Salon.coms Melanie McFarland wrote that the absence of Juliette Lewis was akin to "breaking up the actor equivalent of a '90s supergroup", and criticized the writing of adult Taissa, Van, and Lottie's character arcs. Particular praise was given to the performances of Lynskey, Ricci, Nélisse, Thatcher, Hanratty, and Krueger. Elizabeth Alsop of the Los Angeles Review of Books, however, disagreed with "the decision to dial Shauna's psychotic behavior in both timelines up to 11", feeling that an overt villain arc "sends the show careening toward melodrama, turning what was a spiky, original look at group survival dynamics into something more like a morality play".

The present-day timeline received criticisms for its unsteady narrative and tonal dissonance with its 1990s counterpart. In Vulture, Roxana Hadadi noted while it is admirable to give the core adult characters separate plot arcs, "Yellowjackets forgets that a major appeal of this ensemble is what its members get up to together." She added "season three feels like Yellowjackets wiping the board of its adult story lines rather than working them out of the corners they've been written into". Hadadi said the show is at its best when it focuses on "what makes these girls and women tick, maneuvering the characters to reflect the thin line between civility and the feral...But the impenetrability of where this story is going, and the dwindling numbers of who will survive by the end of it, are diminishing shadows that glow."

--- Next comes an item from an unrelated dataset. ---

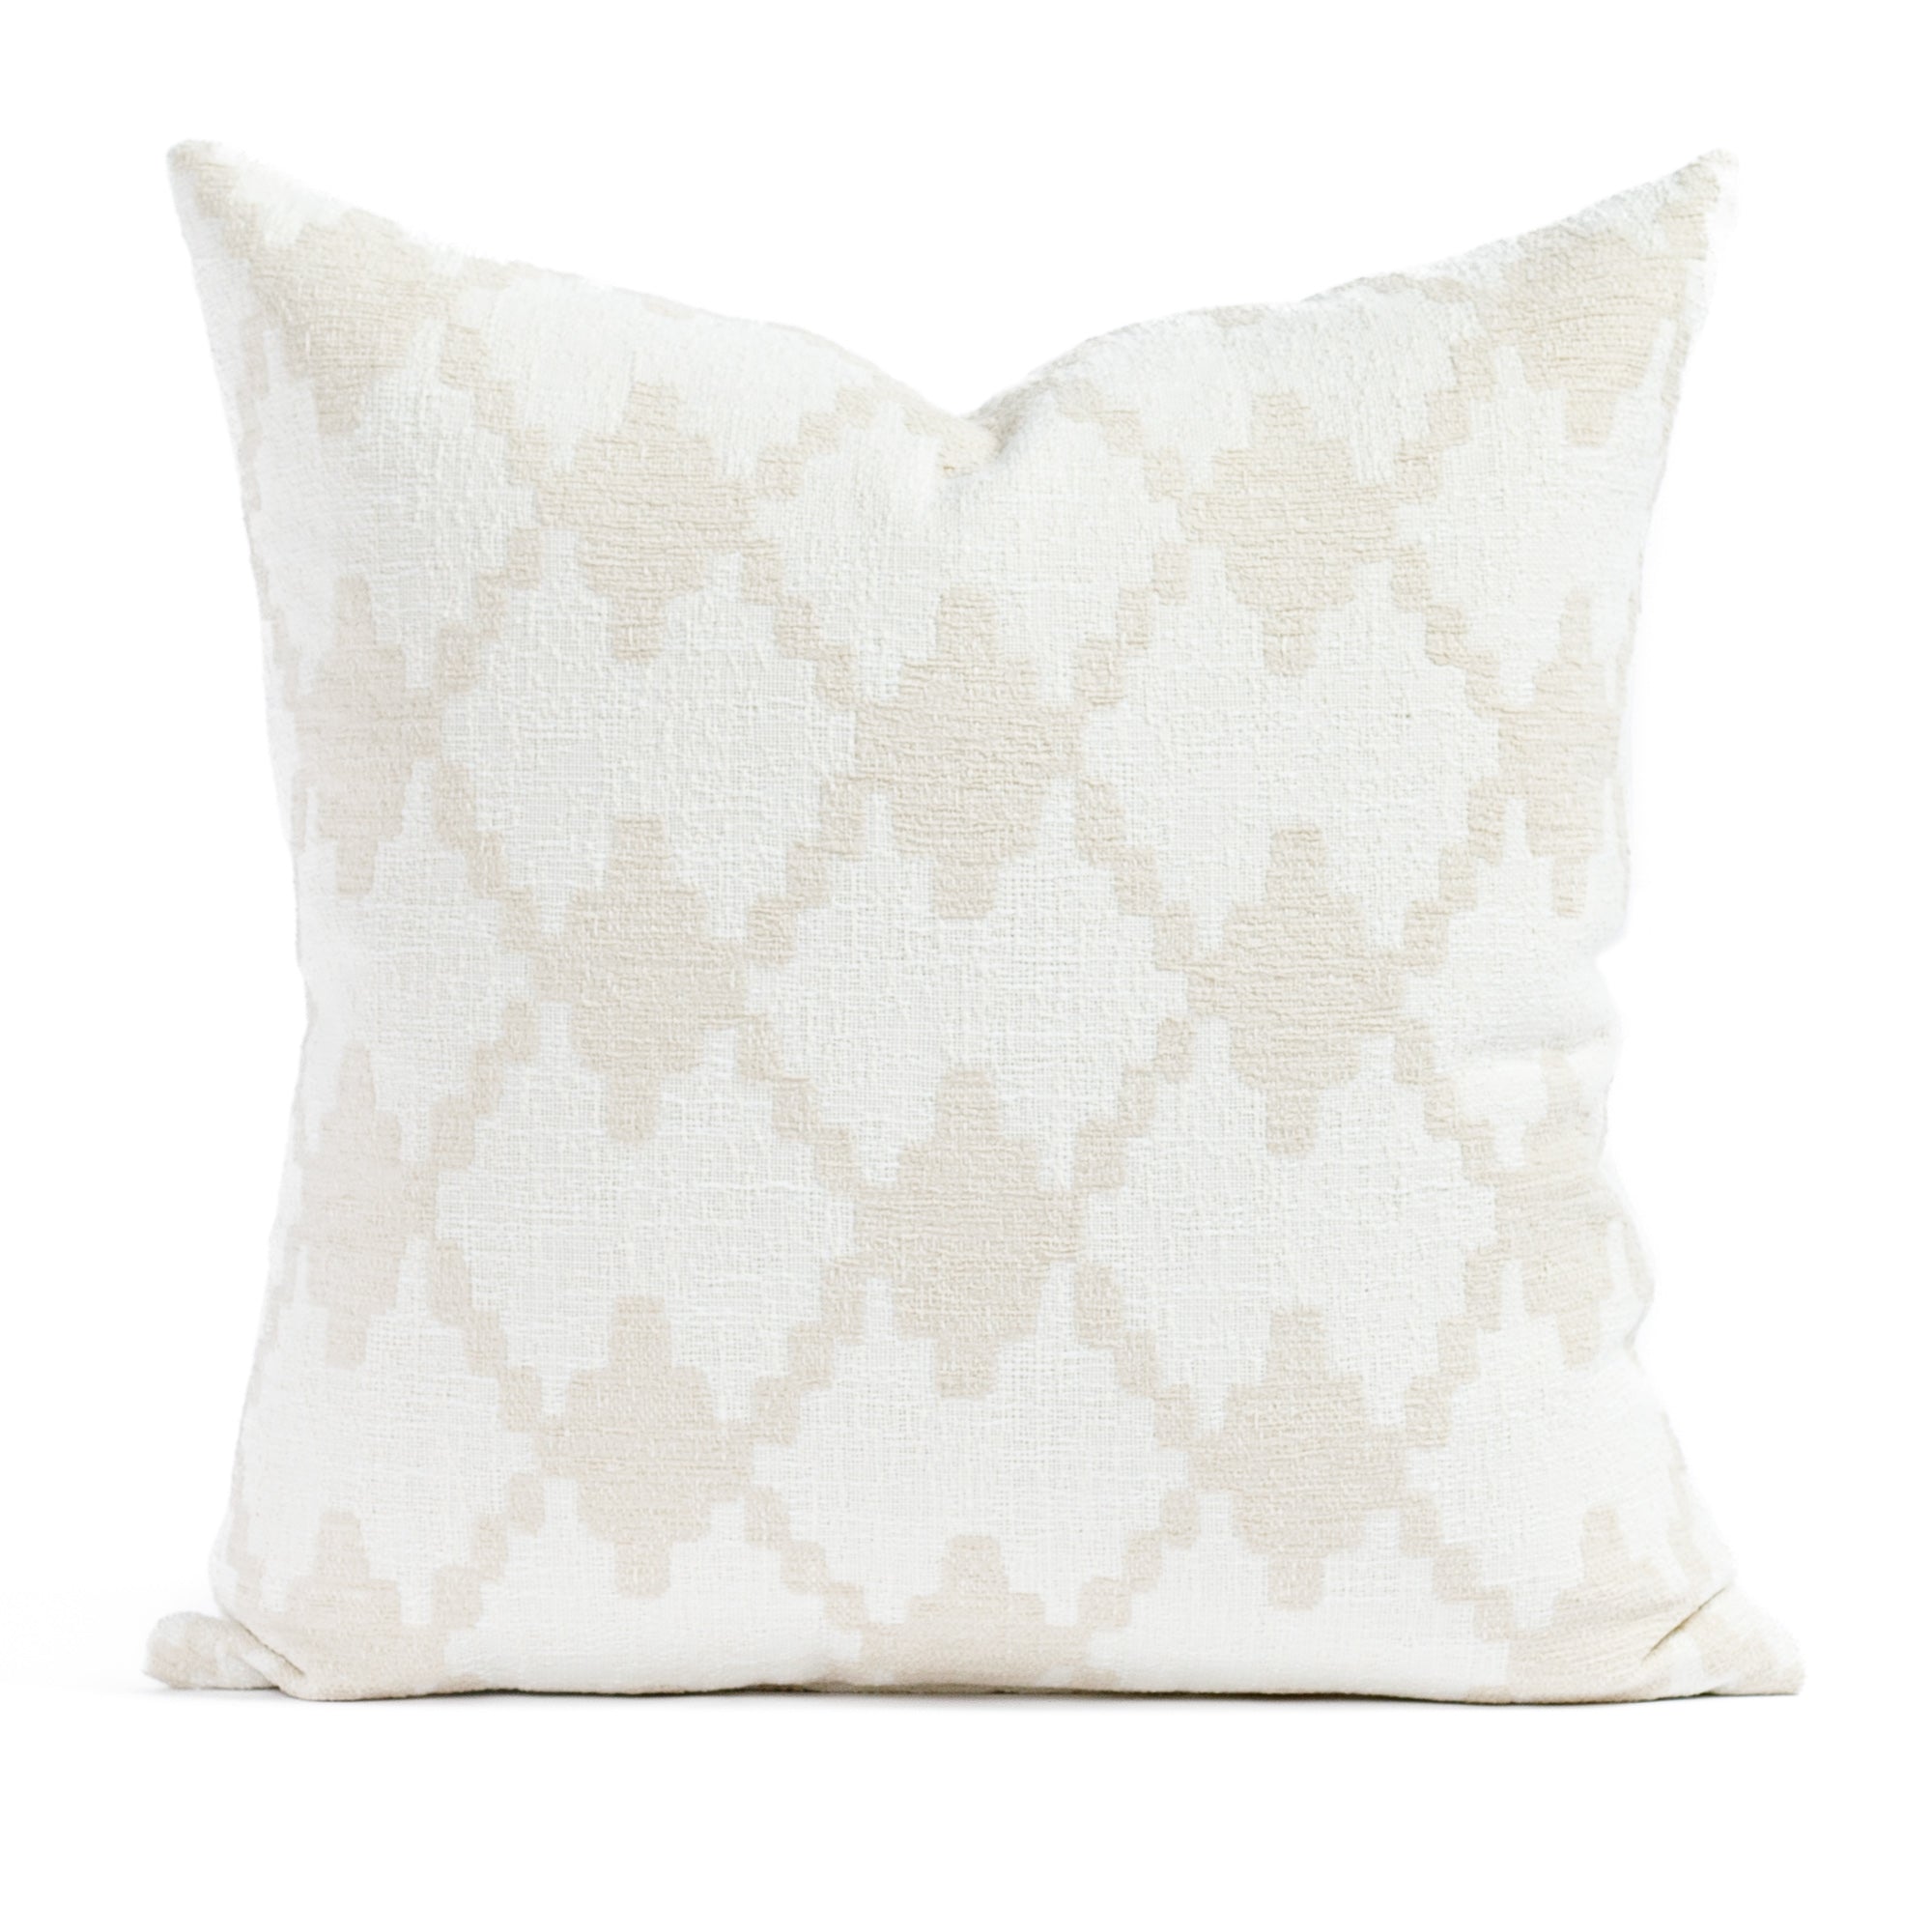 Fez 20x20 Pillow Toasted coconut, a white and beige diamond trellis patterned outdoor Tonic Living Pillow

Reviews were critical of the ongoing mystery storylines and withholding of answers, particularly the question of whether the supernatural force that the survivors face in the wilderness is an actual entity or a symptom of psychological trauma. Some critics said that the show had fallen into the same traps as Lost, another plane crash drama with mystery box elements. In Vanity Fair, Joshua Rivera said the series' "emphasis on mystery and posing questions it can't answer has historically been why its present-day story lacks the dynamism of the '90s plot; if any of the present-day cast is too outspoken about what they experienced, well, that kills the tension of the flashbacks". Rivera concluded, "Depending on what brings you to Yellowjackets, this new season will either bring disappointment or seem like a turn in the right direction…If the series continues to shed its puzzle-box baggage...there remains plenty of room for the series to settle into a sharp, mean survival story, complemented by biting satirical dramedy. That would be more than enough for Yellowjackets to make it through the woods."

=== Accolades ===
At the 5th Astra TV Awards, Yellowjackets received five nominations, including for Best Cast Ensemble in a Streaming Drama Series, and Best Directing in a Drama Series for Jennifer Morrison, who directed the episode "Croak". Hilary Swank won for Best Guest Actress in a Drama Series.